The founder of a copycat company only has to convince investors that he can make money with a proven concept.
You Can Benefit from the Pioneers’ Experience
One virtue of being a follower is that you don’t have to reinvent the wheel. You can (and should) learn from other people’s successes and mistakes,* just as Sam Walton did for his entire professional life.
Or, like Ray Kroc, you can take a proven operating system and duplicate it worldwide—with, in Kroc’s case, starting further along the learning curve by not having to repeat all the McDonald brothers’ mistakes.
Or, like Howard Schultz and John Mackey, a combination of both.

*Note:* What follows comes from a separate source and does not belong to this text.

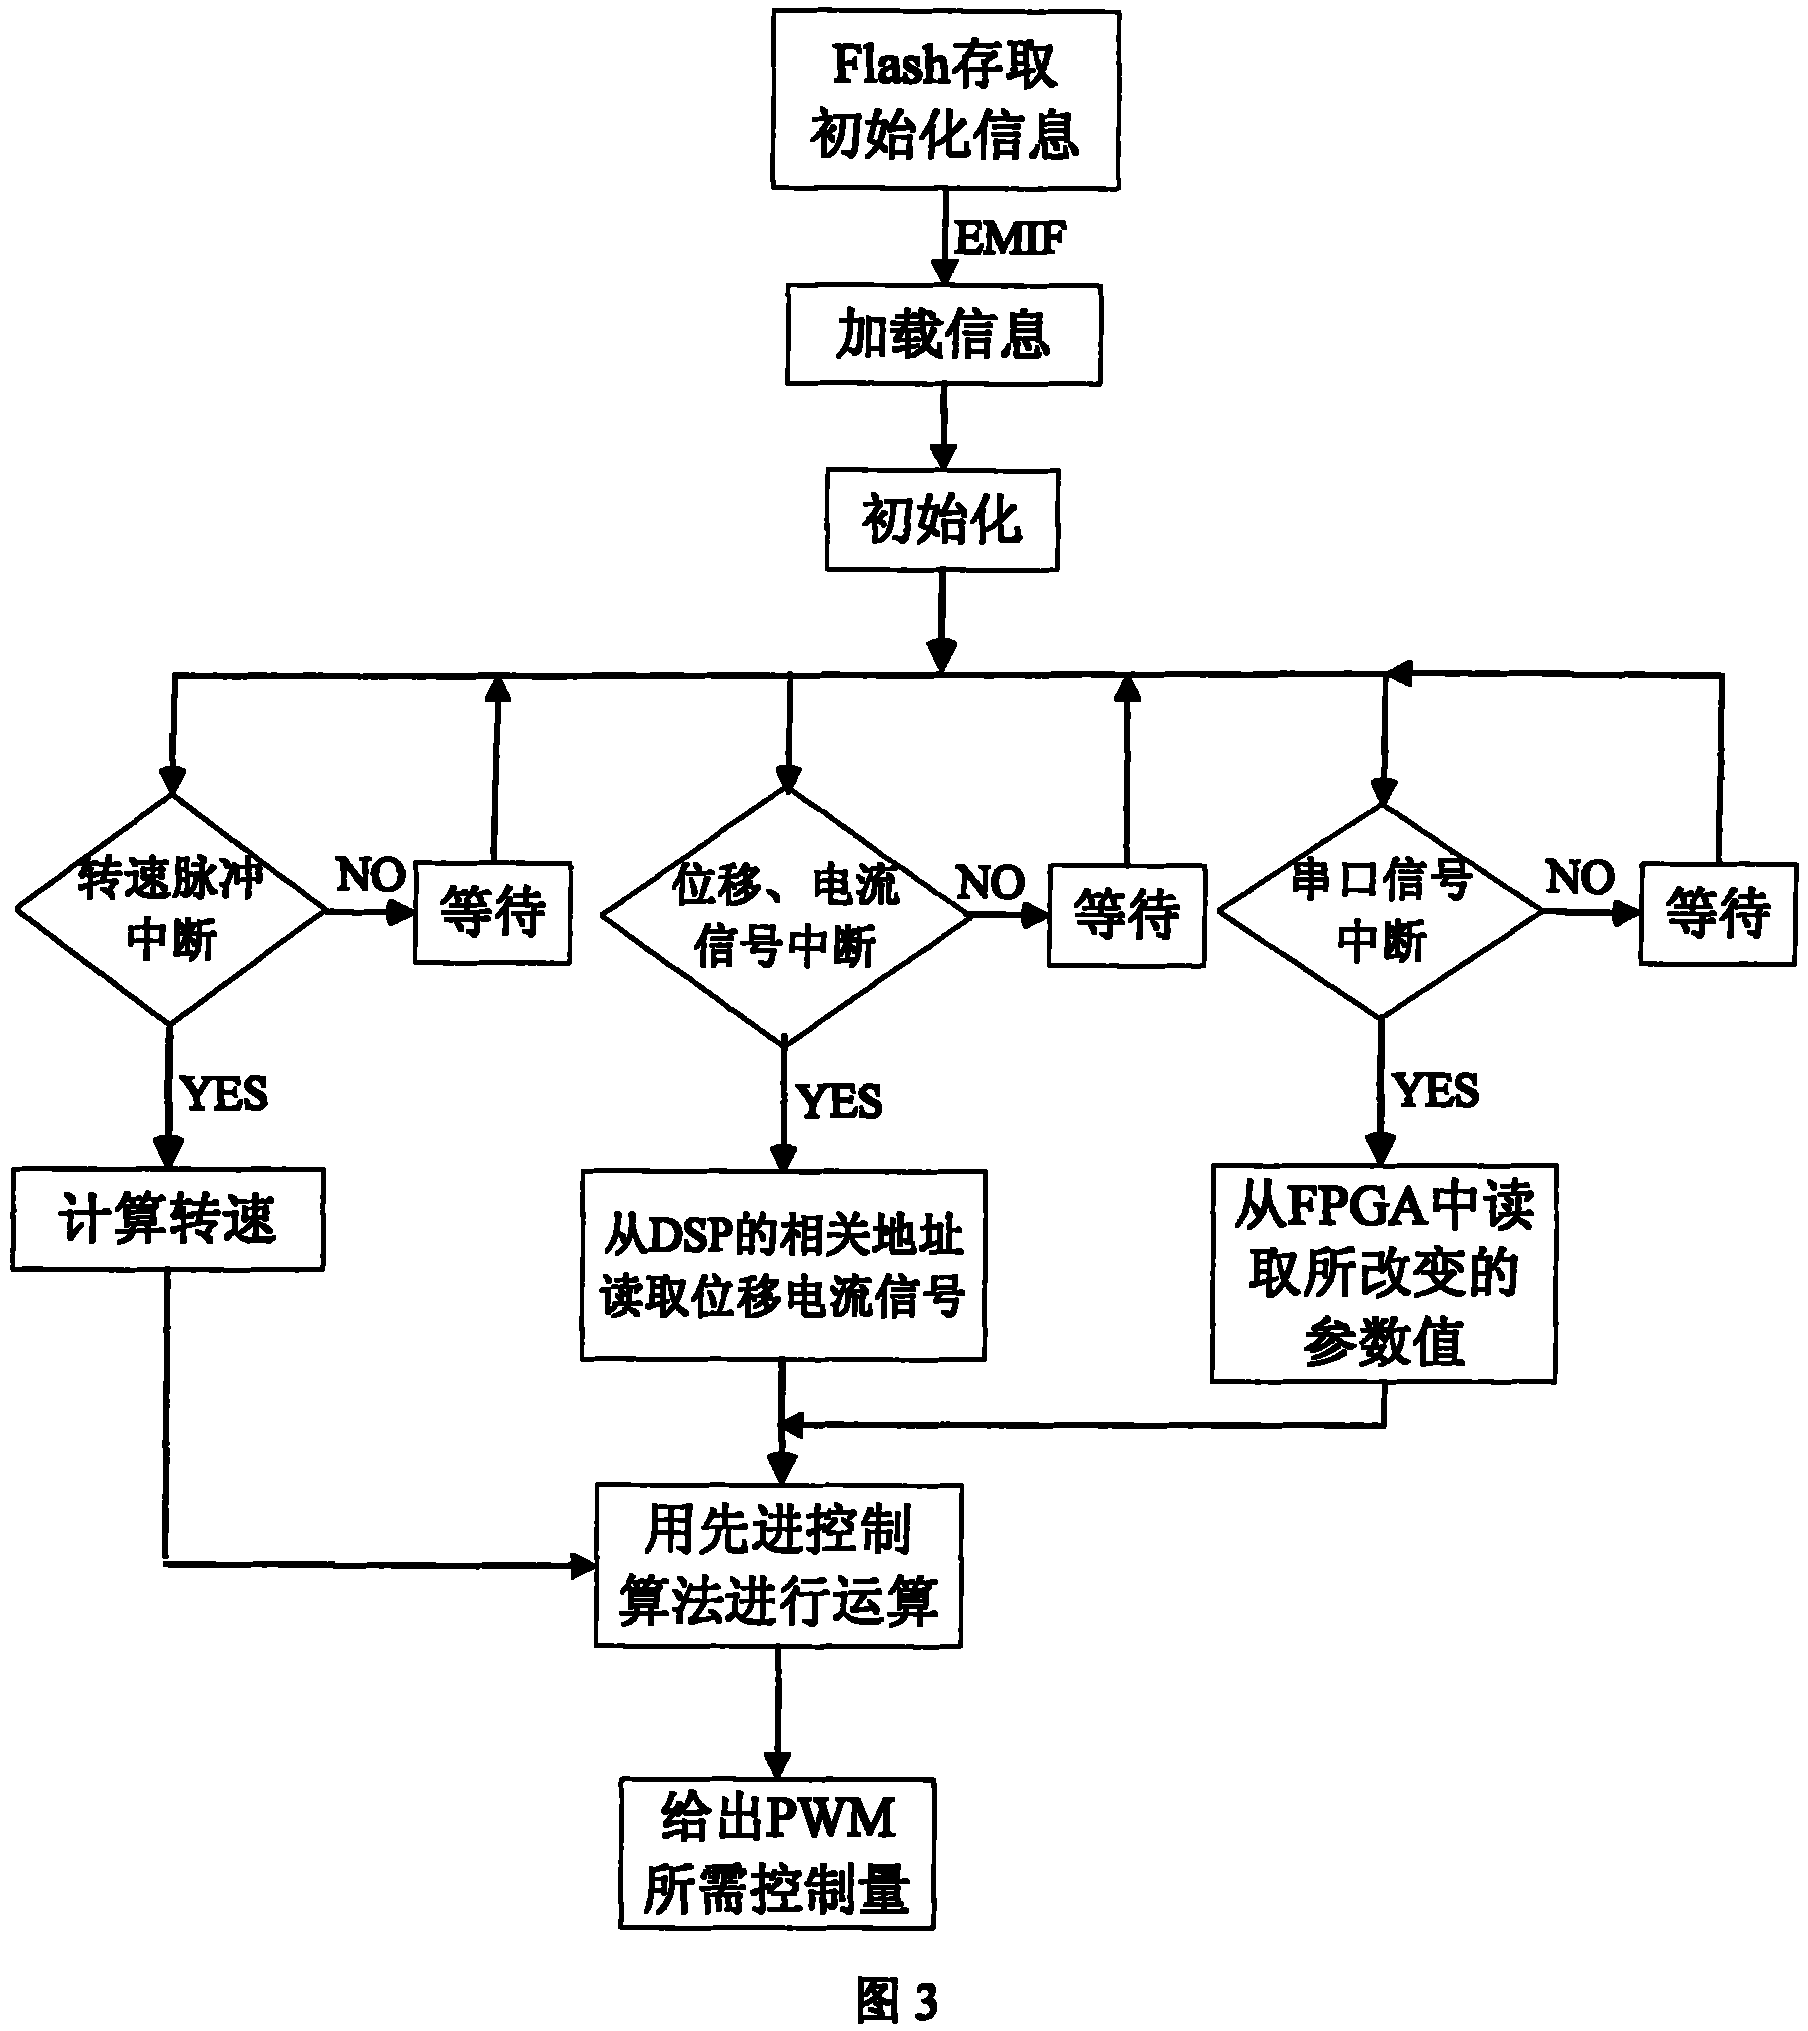 Integrated digital control system for high temperature superconducting magnetic suspension energy accumulation flywheel magnetic bearing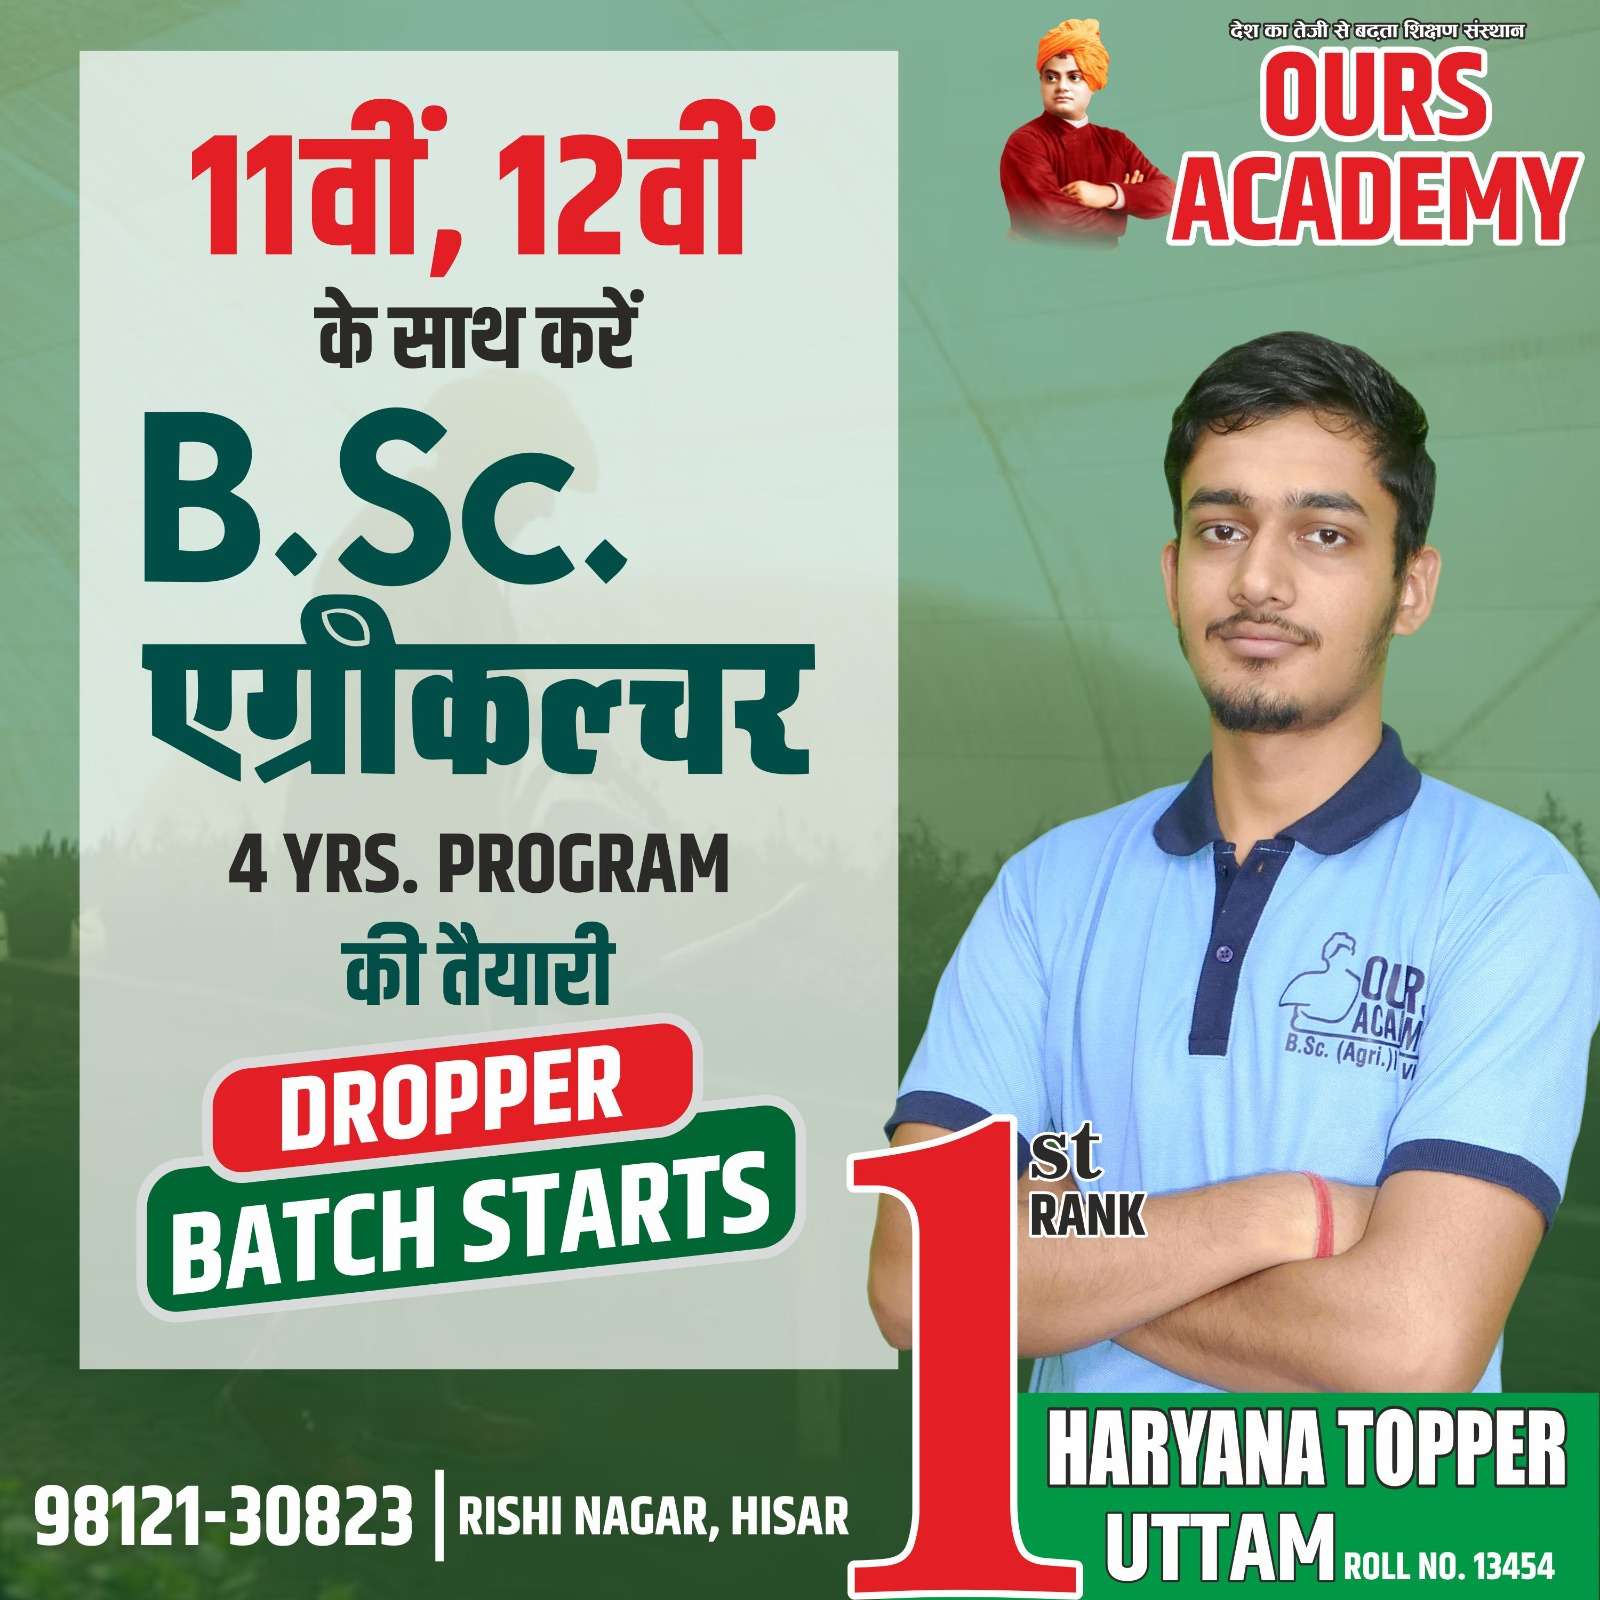  Best Agriculture Academy in Hisar: Your Path to BSc Agriculture 6-Year and 4-Year Programs at Haryana Agriculture University

You Can Start with a Clean Slate
Any company that’s been operating for a while establishes a particular way of doing business. Such an institutional legacy—especially when it develops on a catch-as-catch-can basis—can be resistant to change, a perilous attitude in a changing market and when the competition heats up.
With sufficient thought and experiment, you can establish your company’s culture and style from day one so that every part of the business meshes with your vision for the company and its primary purpose.